[Data below Boundary: Start]
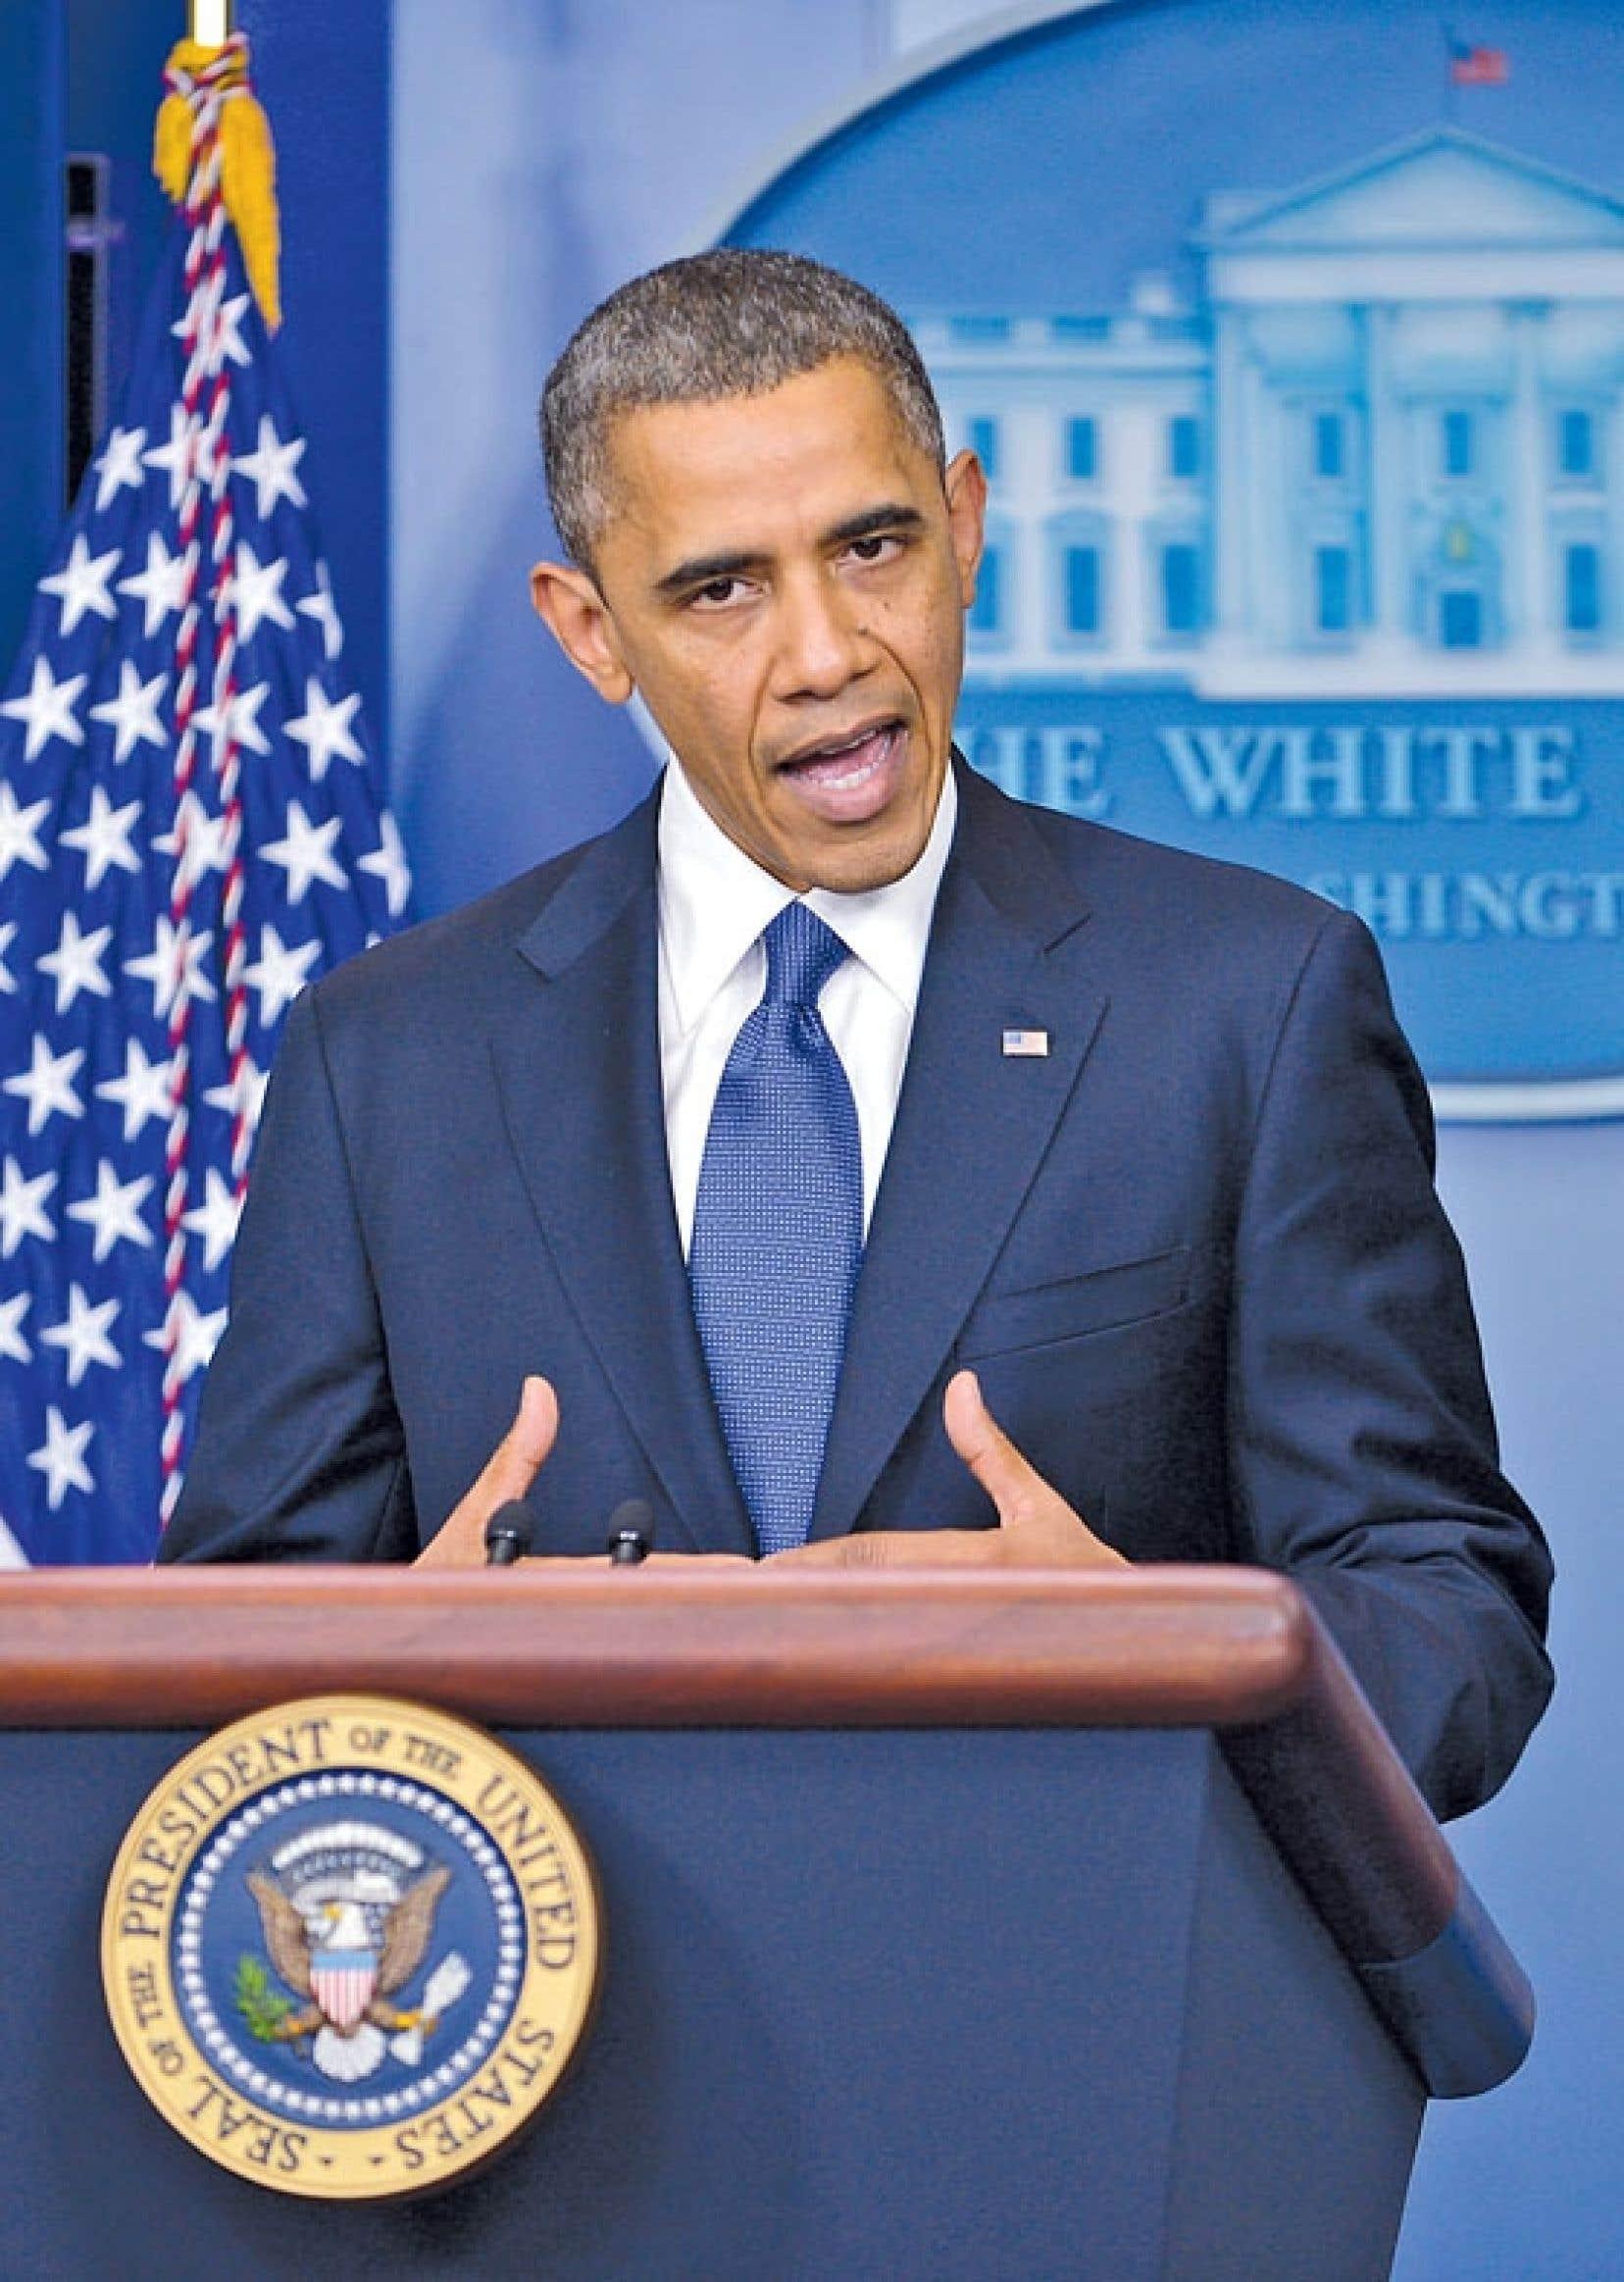 Barack Obama considère qu'il est possible d'arriver à un accord en dix jours si les deux parties se concentrent sur les enjeux centraux.
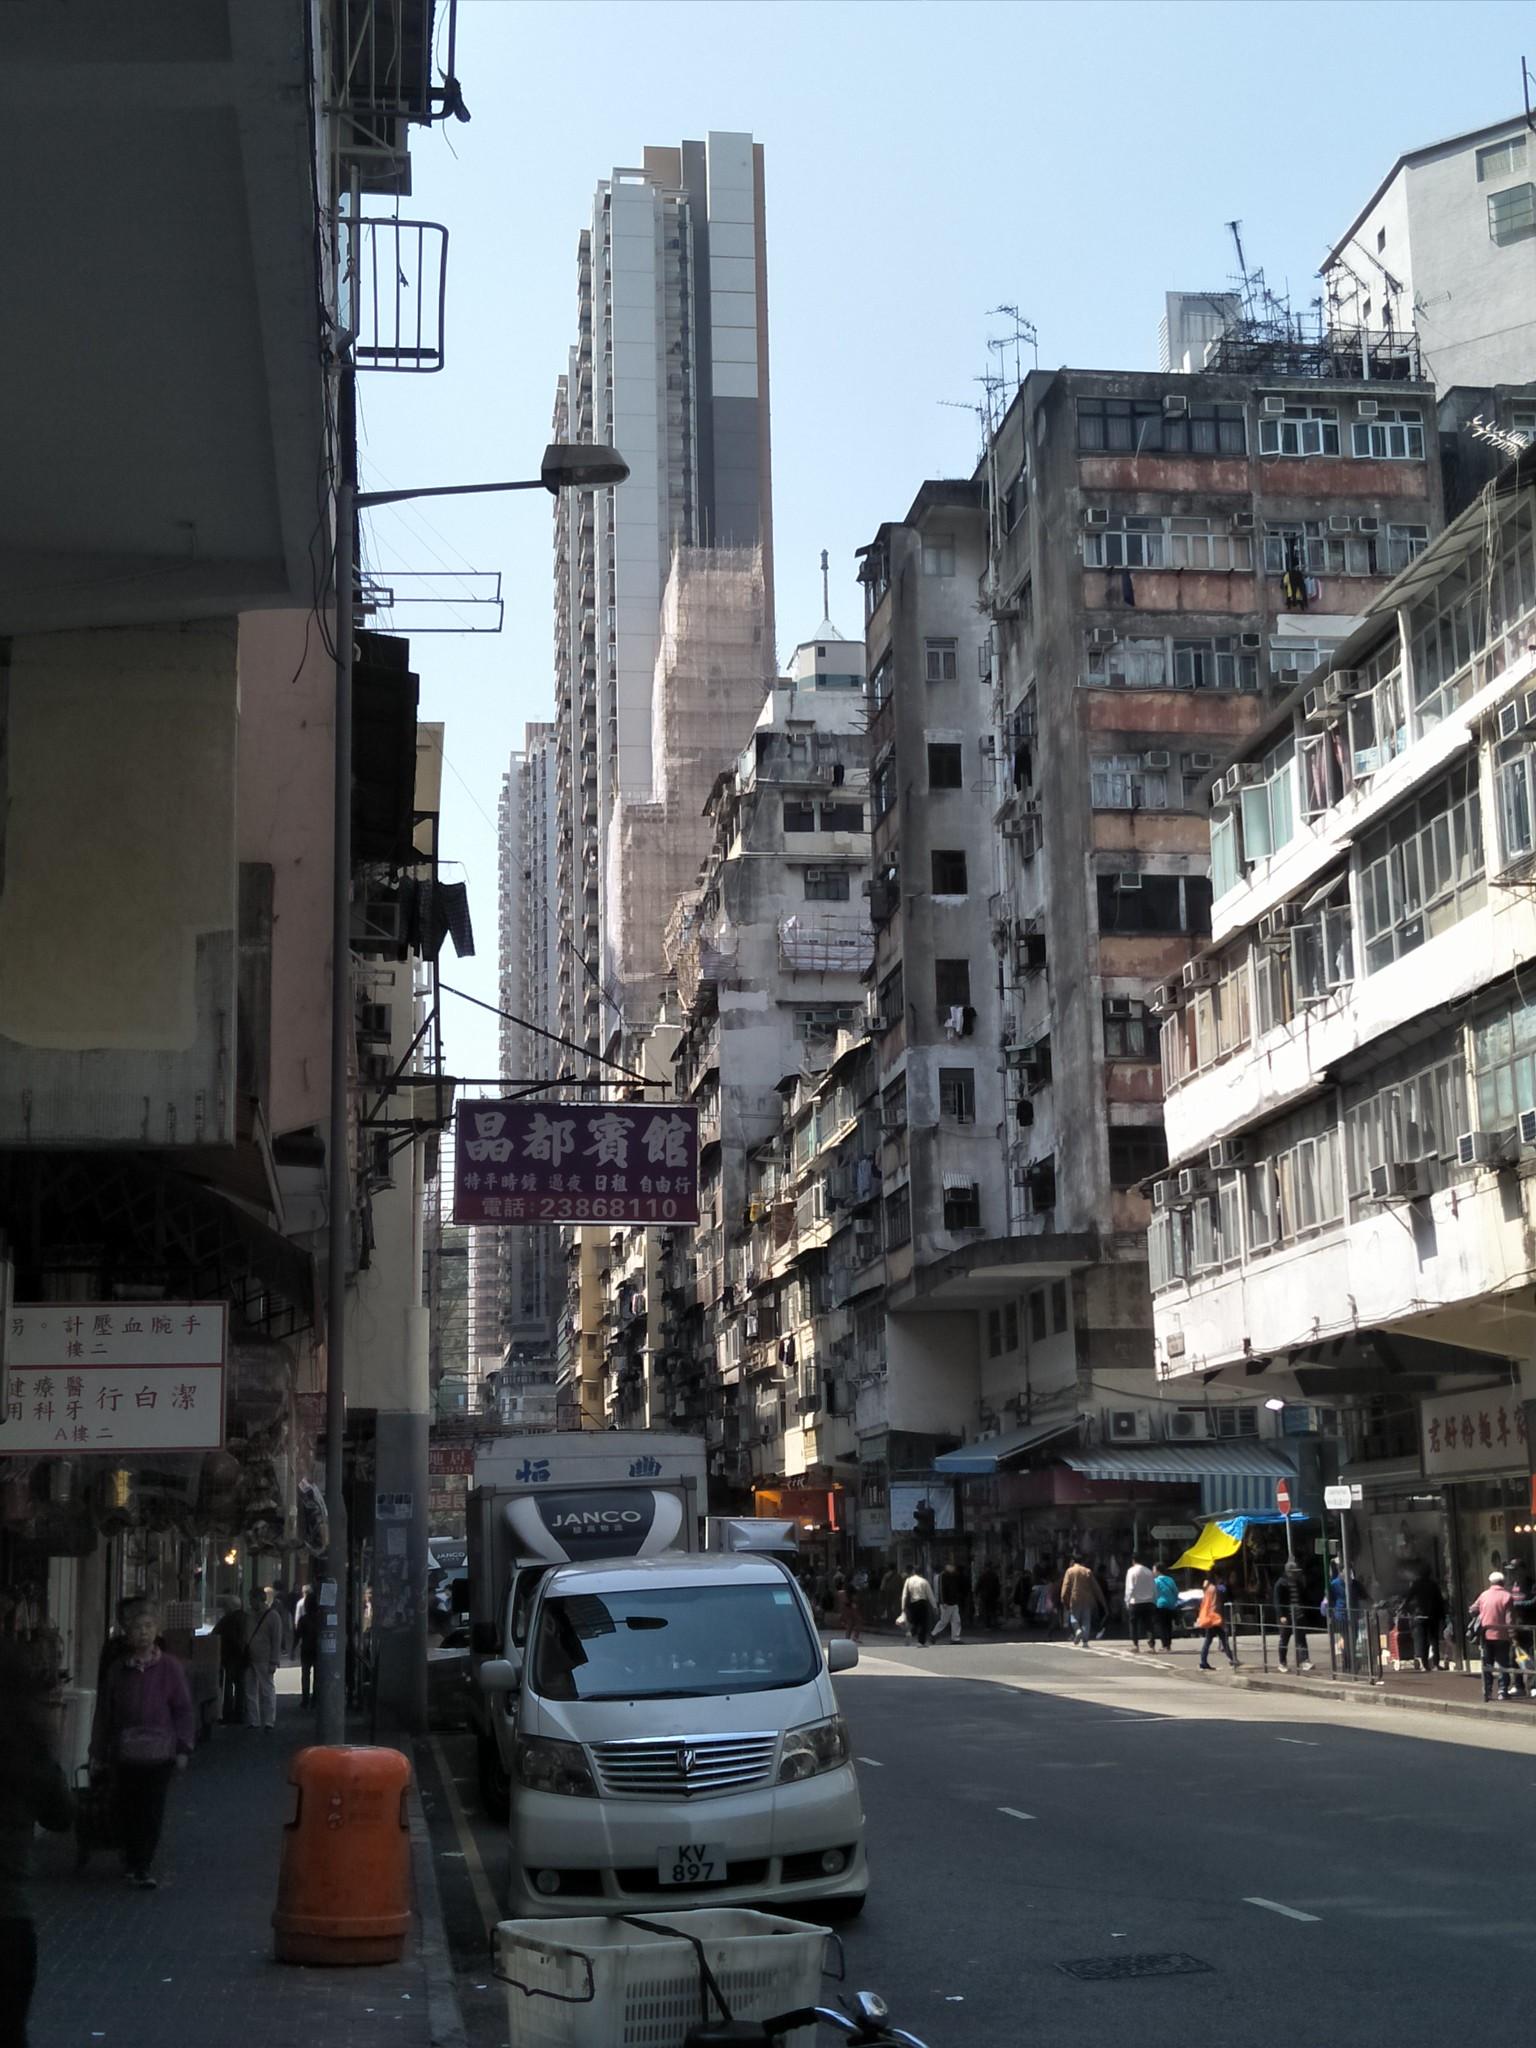 香港深水埗。(照片提供:鍾喬)
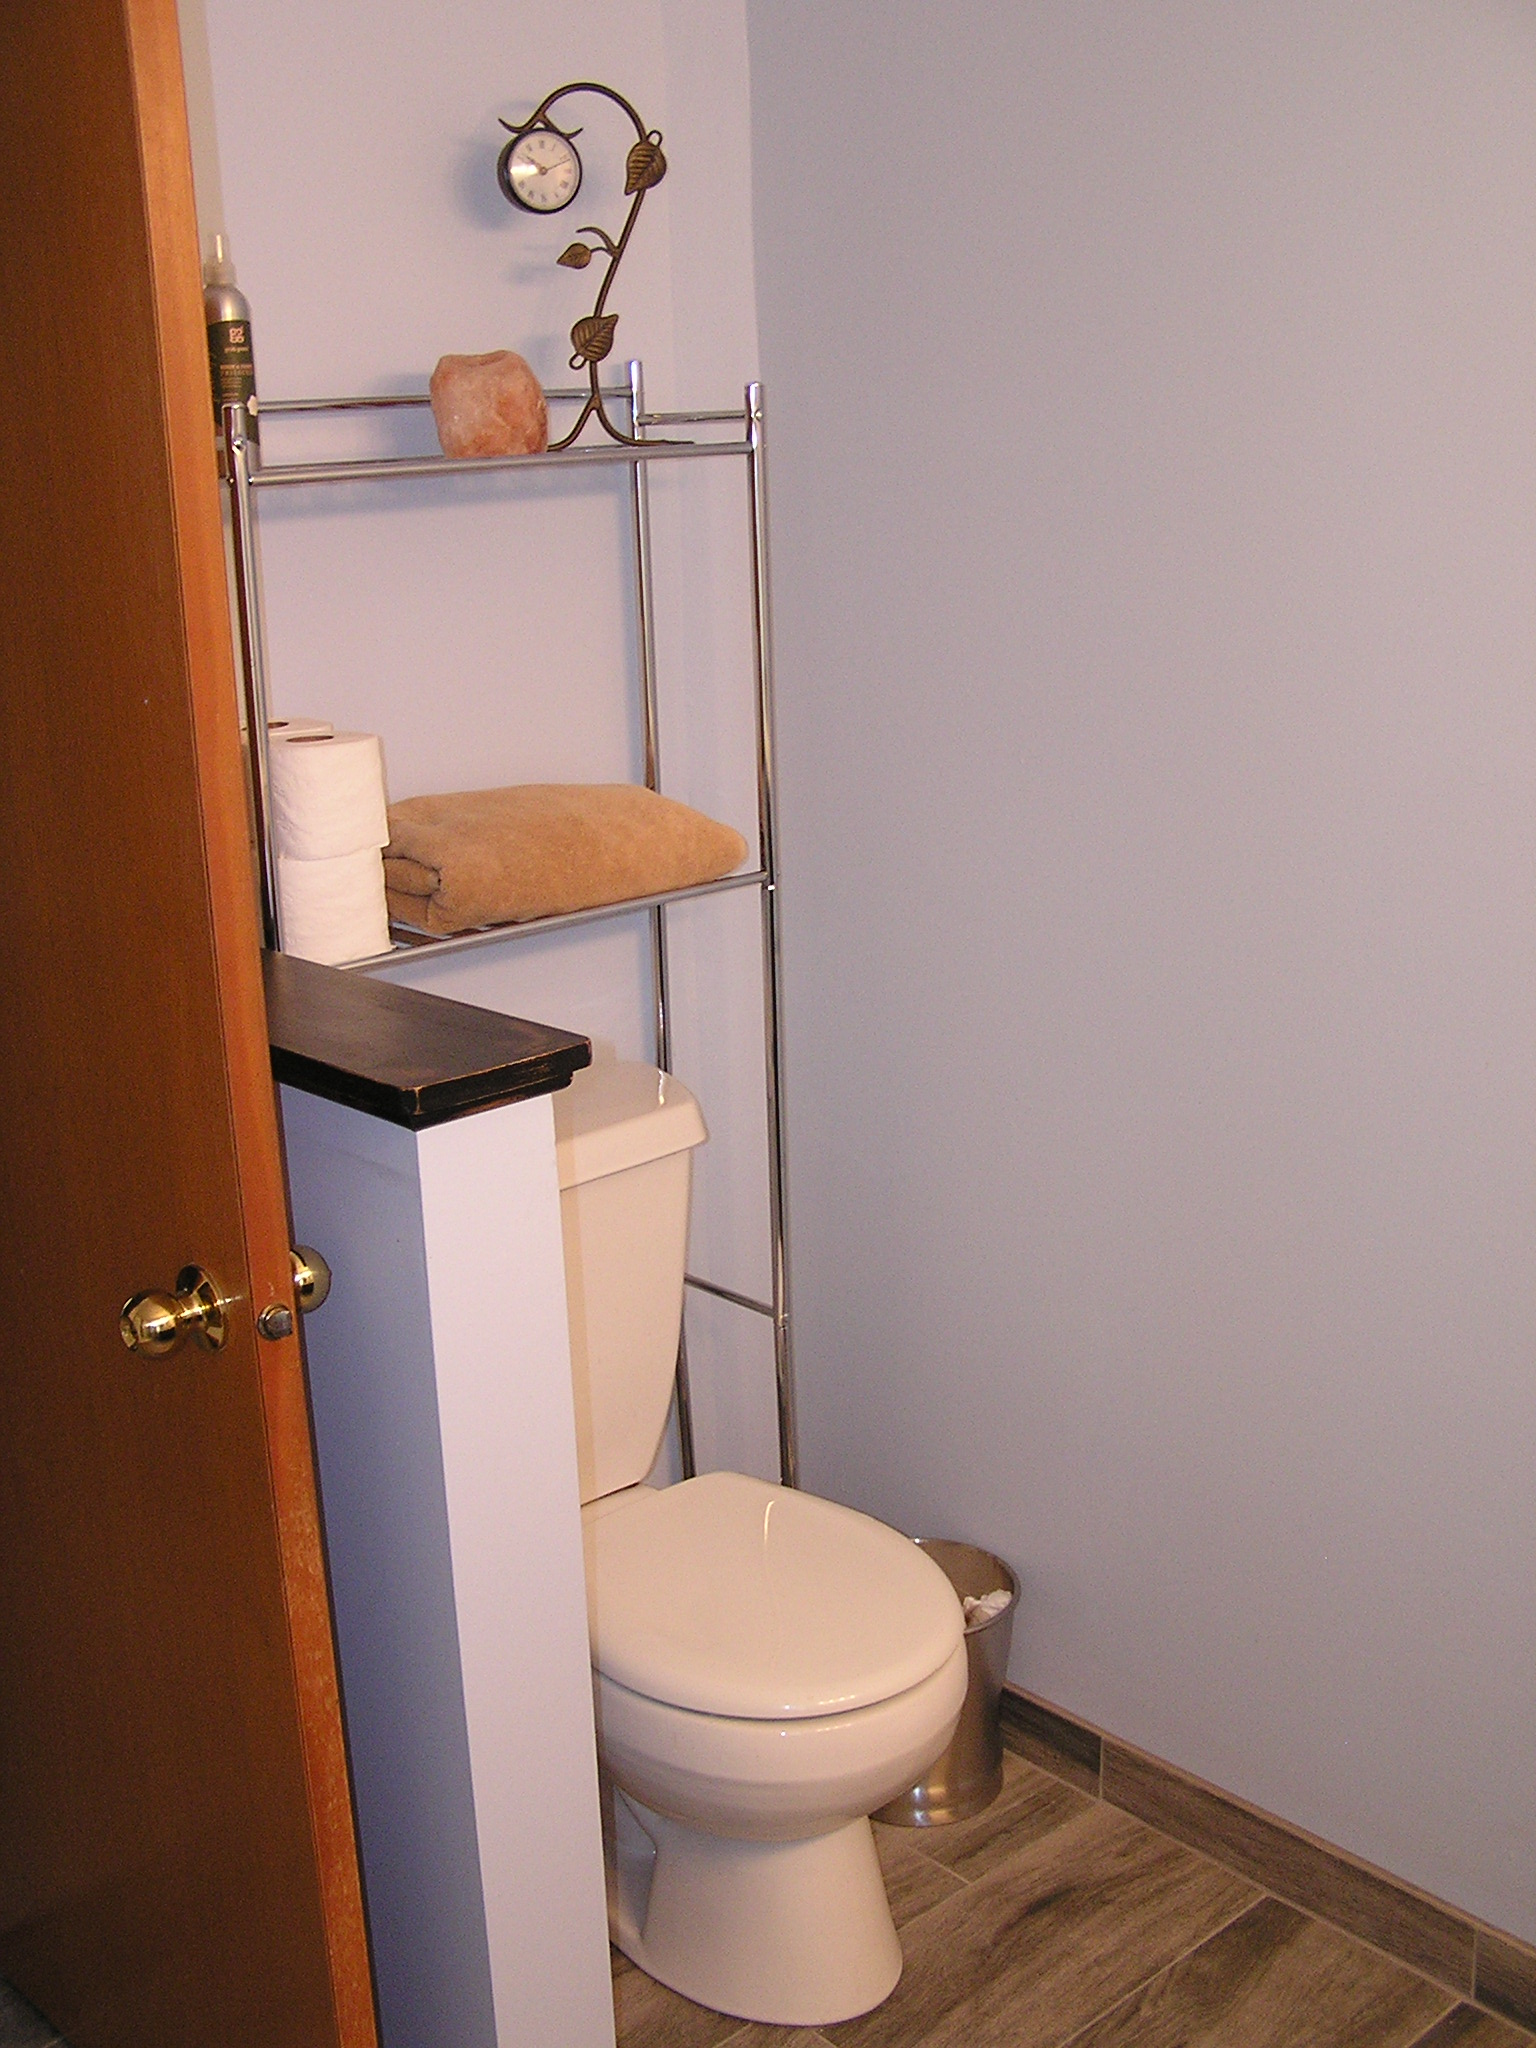 Toilet alcove
[Data below Boundary: End]
▸ Task
Please repeat all of the data exactly as it stands, leaving the pictures out.

▸ Answer to this task
 Barack Obama considère qu'il est possible d'arriver à un accord en dix jours si les deux parties se concentrent sur les enjeux centraux.
 香港深水埗。(照片提供:鍾喬)
 Toilet alcove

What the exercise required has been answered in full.